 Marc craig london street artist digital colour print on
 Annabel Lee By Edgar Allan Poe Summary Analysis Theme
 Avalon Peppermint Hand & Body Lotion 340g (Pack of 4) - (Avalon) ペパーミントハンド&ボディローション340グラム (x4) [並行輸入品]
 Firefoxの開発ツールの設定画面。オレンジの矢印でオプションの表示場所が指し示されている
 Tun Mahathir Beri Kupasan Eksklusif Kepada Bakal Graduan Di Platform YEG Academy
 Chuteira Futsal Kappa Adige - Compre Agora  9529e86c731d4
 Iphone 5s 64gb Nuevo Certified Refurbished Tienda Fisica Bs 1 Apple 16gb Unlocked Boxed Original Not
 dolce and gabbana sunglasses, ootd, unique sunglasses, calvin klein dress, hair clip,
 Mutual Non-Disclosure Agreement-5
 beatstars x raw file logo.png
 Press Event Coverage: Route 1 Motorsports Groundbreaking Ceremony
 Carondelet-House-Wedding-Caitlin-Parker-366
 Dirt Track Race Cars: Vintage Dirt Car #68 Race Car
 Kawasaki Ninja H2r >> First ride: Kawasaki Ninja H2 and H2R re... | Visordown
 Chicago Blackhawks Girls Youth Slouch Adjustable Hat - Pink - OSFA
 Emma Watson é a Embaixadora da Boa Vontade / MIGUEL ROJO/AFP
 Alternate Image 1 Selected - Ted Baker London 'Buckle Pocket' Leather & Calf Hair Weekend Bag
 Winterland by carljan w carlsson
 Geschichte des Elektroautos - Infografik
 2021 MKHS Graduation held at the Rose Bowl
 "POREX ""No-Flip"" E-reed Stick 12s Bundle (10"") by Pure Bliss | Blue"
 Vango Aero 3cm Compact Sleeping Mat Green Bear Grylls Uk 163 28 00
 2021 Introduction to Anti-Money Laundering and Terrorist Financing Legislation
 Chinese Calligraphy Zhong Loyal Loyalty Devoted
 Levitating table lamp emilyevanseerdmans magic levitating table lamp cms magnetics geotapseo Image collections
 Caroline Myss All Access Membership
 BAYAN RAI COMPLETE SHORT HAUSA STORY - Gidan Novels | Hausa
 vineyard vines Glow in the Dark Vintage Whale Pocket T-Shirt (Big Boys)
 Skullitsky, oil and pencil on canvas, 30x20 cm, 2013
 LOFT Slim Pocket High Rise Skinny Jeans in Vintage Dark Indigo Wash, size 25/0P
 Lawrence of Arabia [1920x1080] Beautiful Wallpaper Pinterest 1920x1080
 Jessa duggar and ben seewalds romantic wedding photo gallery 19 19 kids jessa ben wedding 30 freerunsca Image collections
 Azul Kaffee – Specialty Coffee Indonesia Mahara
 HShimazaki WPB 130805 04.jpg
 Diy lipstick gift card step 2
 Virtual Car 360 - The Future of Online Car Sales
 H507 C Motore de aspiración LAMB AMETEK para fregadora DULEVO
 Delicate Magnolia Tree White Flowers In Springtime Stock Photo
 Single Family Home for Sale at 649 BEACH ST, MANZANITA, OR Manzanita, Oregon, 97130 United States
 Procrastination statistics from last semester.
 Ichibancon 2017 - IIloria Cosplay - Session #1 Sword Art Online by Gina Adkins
____________
PROBLEM TO WORK ON: The answer should be exactly the lines from the one that contains "Lawrence of Arabia" through the end of the entries, both ends included, and nothing besides.

SOLVED PROBLEM:
 Lawrence of Arabia [1920x1080] Beautiful Wallpaper Pinterest 1920x1080
 Jessa duggar and ben seewalds romantic wedding photo gallery 19 19 kids jessa ben wedding 30 freerunsca Image collections
 Azul Kaffee – Specialty Coffee Indonesia Mahara
 HShimazaki WPB 130805 04.jpg
 Diy lipstick gift card step 2
 Virtual Car 360 - The Future of Online Car Sales
 H507 C Motore de aspiración LAMB AMETEK para fregadora DULEVO
 Delicate Magnolia Tree White Flowers In Springtime Stock Photo
 Single Family Home for Sale at 649 BEACH ST, MANZANITA, OR Manzanita, Oregon, 97130 United States
 Procrastination statistics from last semester.
 Ichibancon 2017 - IIloria Cosplay - Session #1 Sword Art Online by Gina Adkins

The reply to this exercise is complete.